The amplitude (Y-axis) is limited to 80 N in order to better identify low intensity amplitudes. The spindle speed-dependent excitation frequency 20 Hz (1200 RPM) and its higher harmonics can be identified. The parameter difference between the samples is a 0.1-mm increase in plunge depth, avoiding the void defect formation found in a). The amplitude below the excitation frequency gives no indication towards the defect formation. The frequency bands 100–1000 Hz and 1000–10,000 Hz were examined for all three spatial directions and no clear correlation between increased or decreased oscillation intensity and weld seam features could be found. This includes careful examinations of increased intensity around frequencies close to the identified natural frequencies of the machine and testing setup.

As the analysis of the frequency domain yielded no expedient results, investigations were continued in the time domain, examining dynamic process force components based on prior publications and research. According to [8], a correlation between the mean average lateral force (Y-axis) and void defect formation exists. The influence of the lateral force shift towards the advancing side is examined in Table 3 for welds performed with the stated parameters using tool 1.

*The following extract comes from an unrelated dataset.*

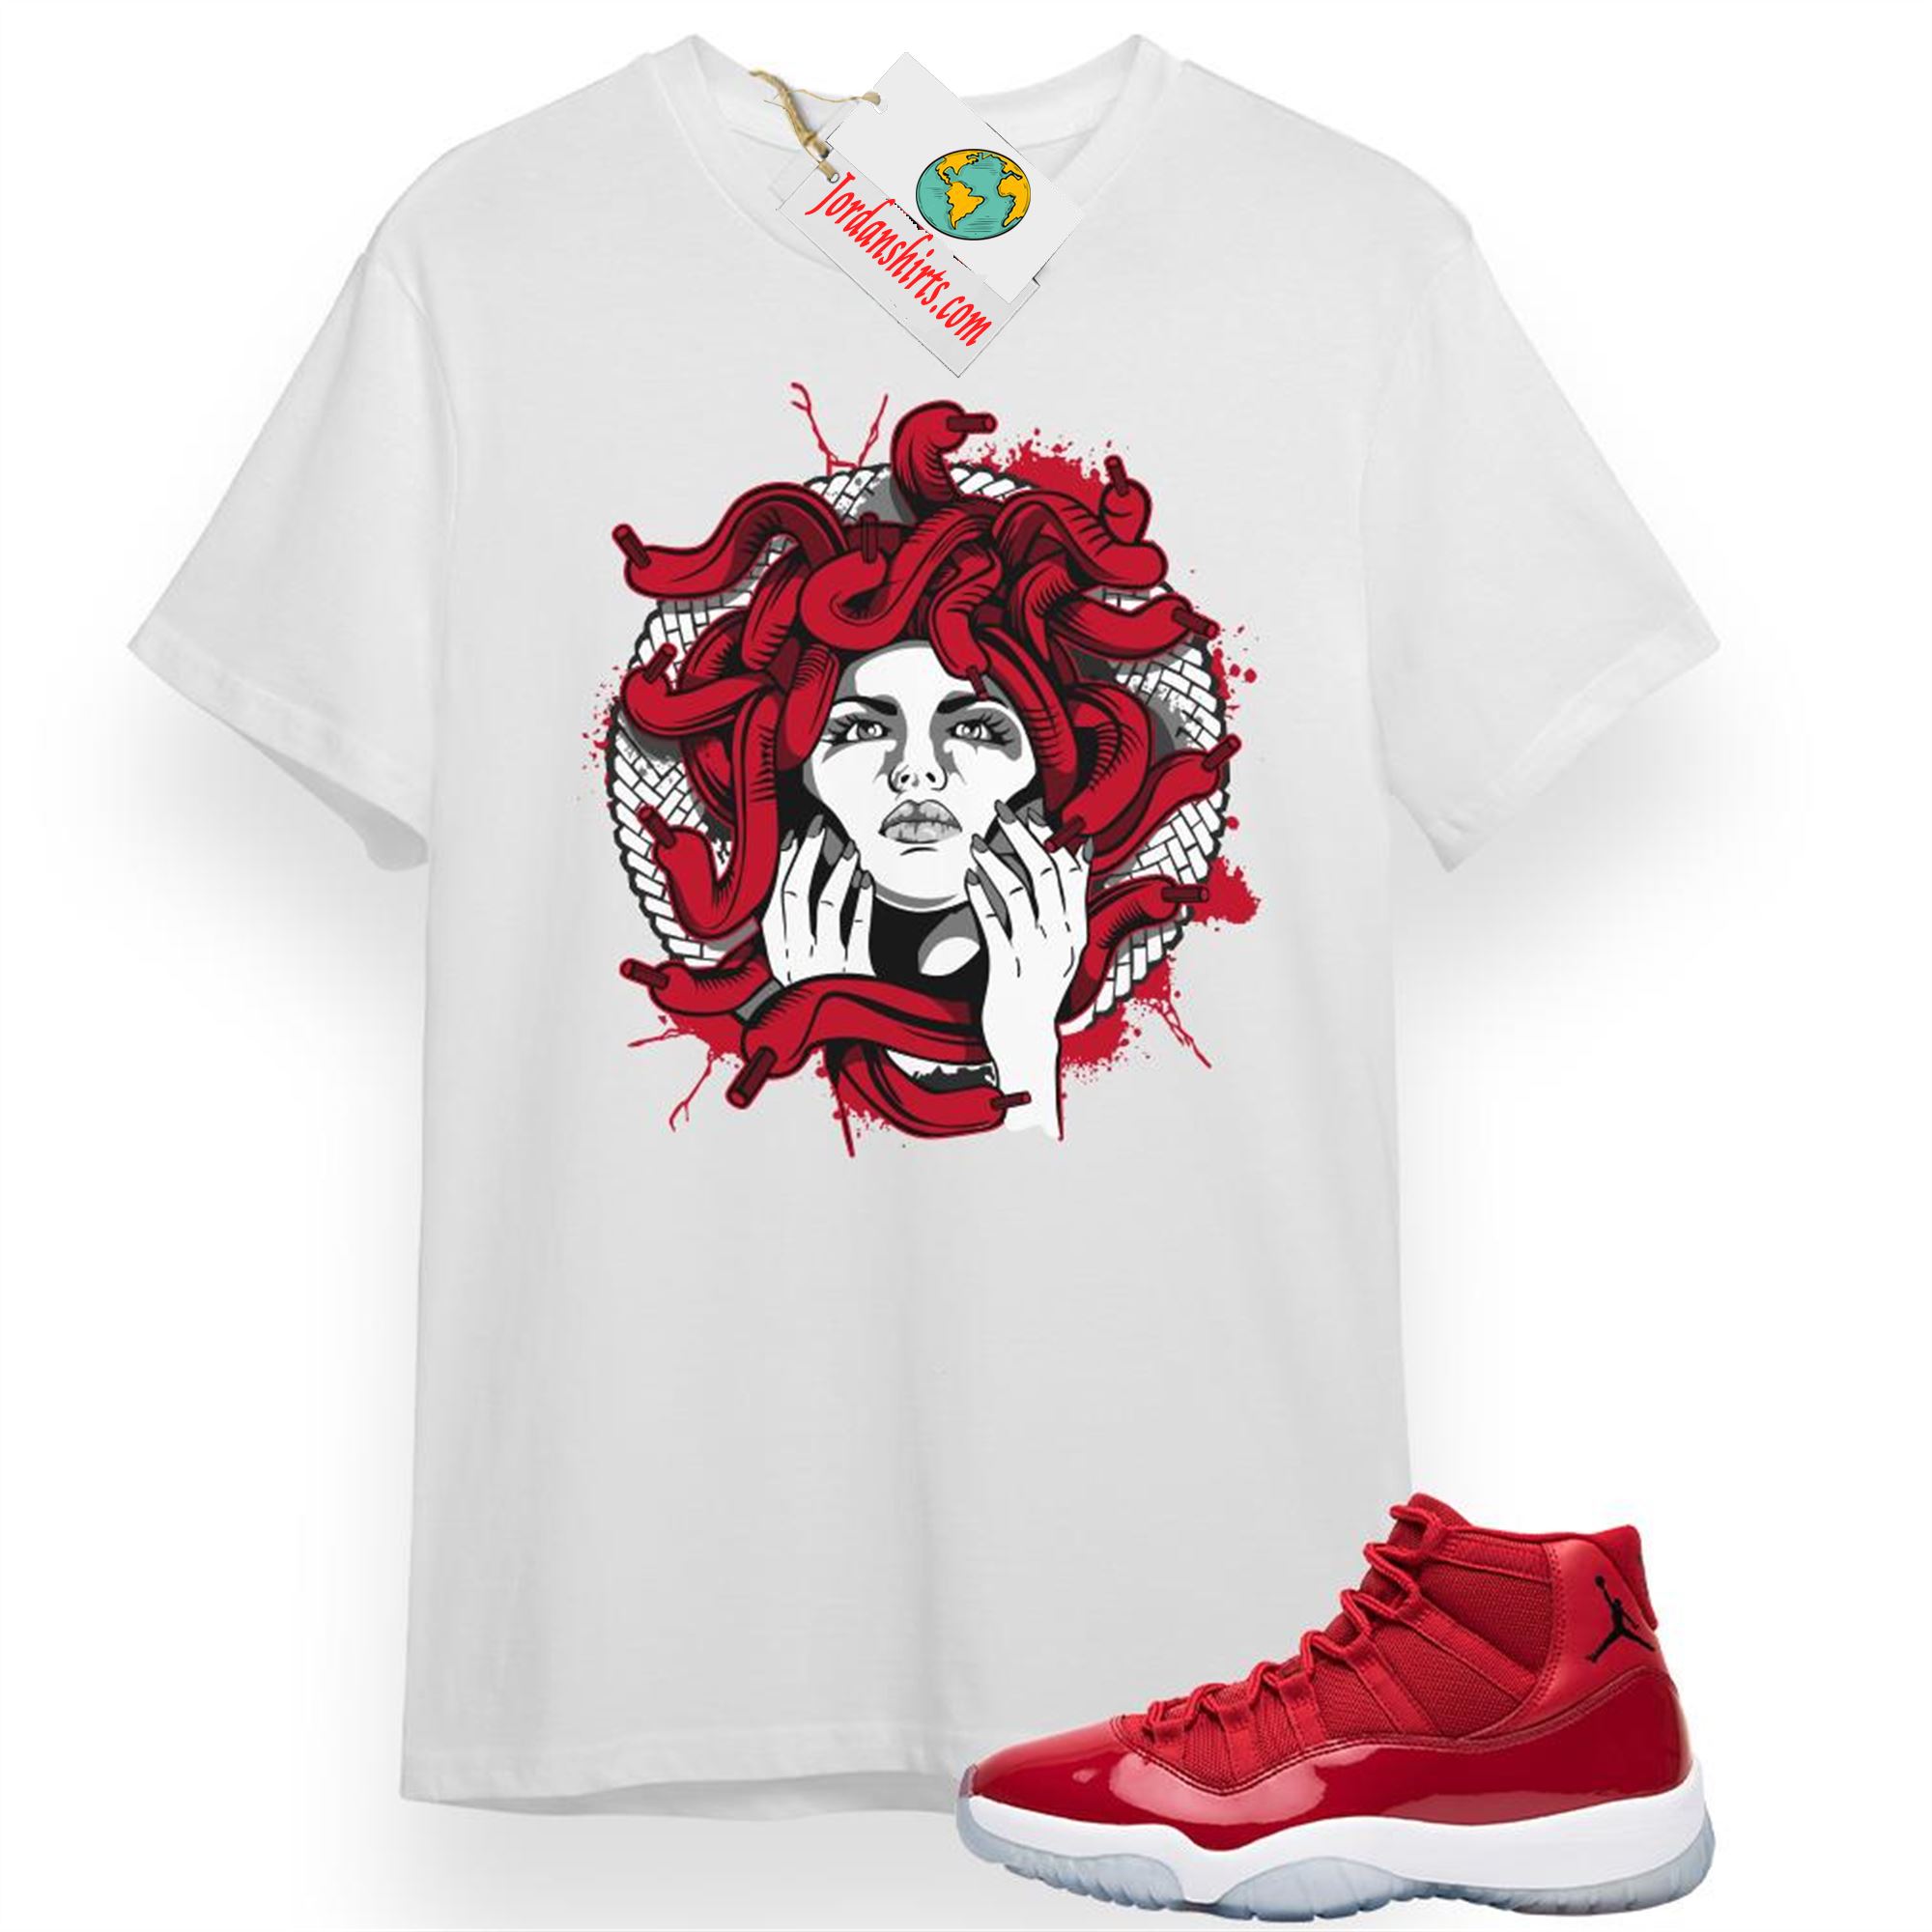 Jordan 11 Shirt, Medusa White T-shirt Air Jordan 11 Gym Red 11s Plus Size Up To 5xl

Table 3 Influence of average lateral force on void defect formation

Over the range of tested parameters, no correlation of mean average lateral force and void defect formation can be found. The average lateral force generally inversely correlates with specific energy input [J/mm] but shows no significant variation during defect formation. The lateral force amplitude cannot be used to identify void defects either as it does not correlate with any given parameters. It can be used as an indicator for excessive flash, as with increasing flash the amplitude drops by up to 30%.

[2] graphed the axial force over spindle torque to identify weld seam features. Smooth, uniform graphs indicate sound welds, whereas scattered plots indicate defects. Based on this approach, the force graphs of all welds performed during the investigation were mapped for the three possible force combinations. Figure 7 shows exemplary graphs for two samples. In the graphs, 0.5 s of data are mapped and the uniformity of the graphs corresponds well with weld quality.

Fig. 7
figure 7

Graphed force relationships, red (Fx⬌Fy), yellow (Fz⬌Fy), and blue (Fz⬌Fx) for a sample with void defect (46) and a sound weld (48)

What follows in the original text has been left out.